As for Necrons calling it that, I bet they'd call it something else. Eldar weaponry is in human terms, Nid Biomorphs are in human terms, ect.


----------



## Asurestar (May 12, 2011)

Saying it's my view is perhaps a tad misleading, should probably have named it things to look out for/ situations to try to avoid.


----------



## Asurestar (May 12, 2011)

Asurestar said:


> My views
> 
> I don't claim to be a good player, cause by my track record I'm not.
> So this is going to be an opinion of the units currently available that i have used.
> ...


OK rather shortsighted and not remotely helpful for anyone so let's start again

Imotekh is now rather redundant, as night fighting ain't what it used to be

Trazyn the infinite is definitely an HQ to go for, purely cause games in the 6th are based around taking objectives and he can take another objective, there is a minor problem with his resurrection special rule, I use a lord with Res Orb in each of my warrior units, and the last game i used him he died, fails his RP and came back as one of those lords, so e got whisked away from where he was but also took away a rather important model for that squad. Let me read my codex before i actually say this in case it's wrong, page 59... surrogate hosts... rats.

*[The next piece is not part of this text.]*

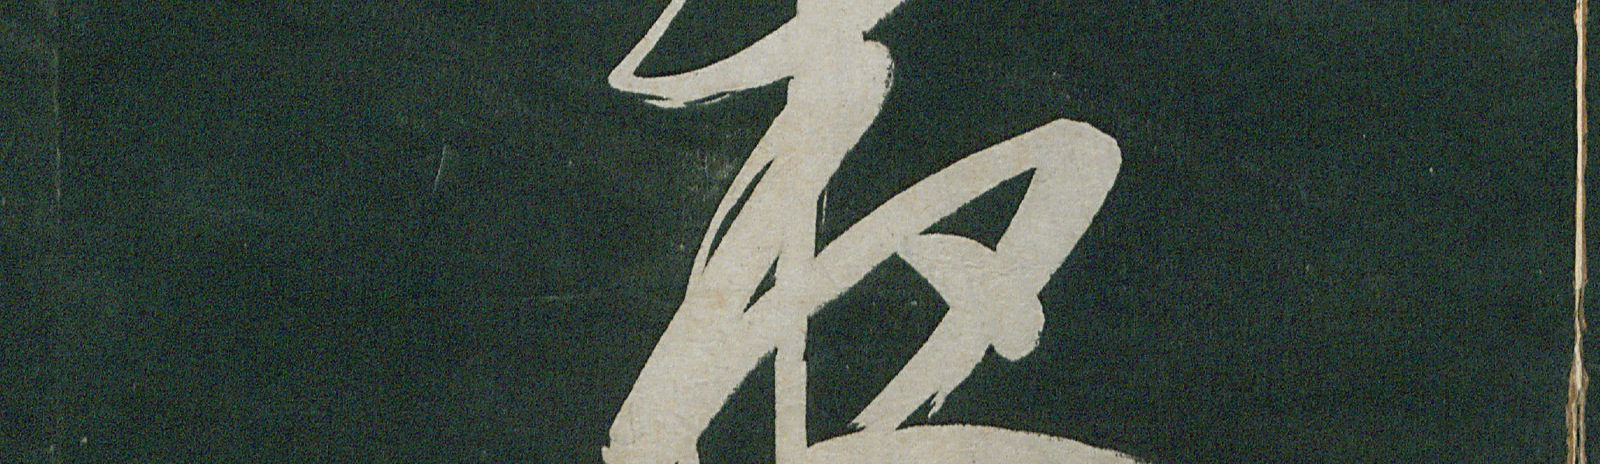 Фоновое изображение Образцы каллиграфии кисти императора Канси

Ok so my idea is to take more lychguard, yes they are a major pointsink but they could increase the survivability of lords, overlords and crypteks.. wonder if a cryptek thats a harbinger is stall classed as a cryptek for the purposes of that... anyway.

The monolith hasn't died on on entry since 6th, and it's able to take warriors potentially out of cc and shooting again.


----------



## Iron Angel (Aug 2, 2009)

Normally I wouldn't do this but so much of this is wrong I cannot allow this aberration to misinform people.



Asurestar said:


> My views
> 
> I don't claim to be a good player, cause by my track record I'm not.
> So this is going to be an opinion of the units currently available that i have used.
> ...


----------



## Asurestar (May 12, 2011)

when that was originally wrote i had no idea how to play necrons and it was written before 6th so hull points werent invented yet.

Also check the original date, it was before 6th was written and is therefore out of date.


----------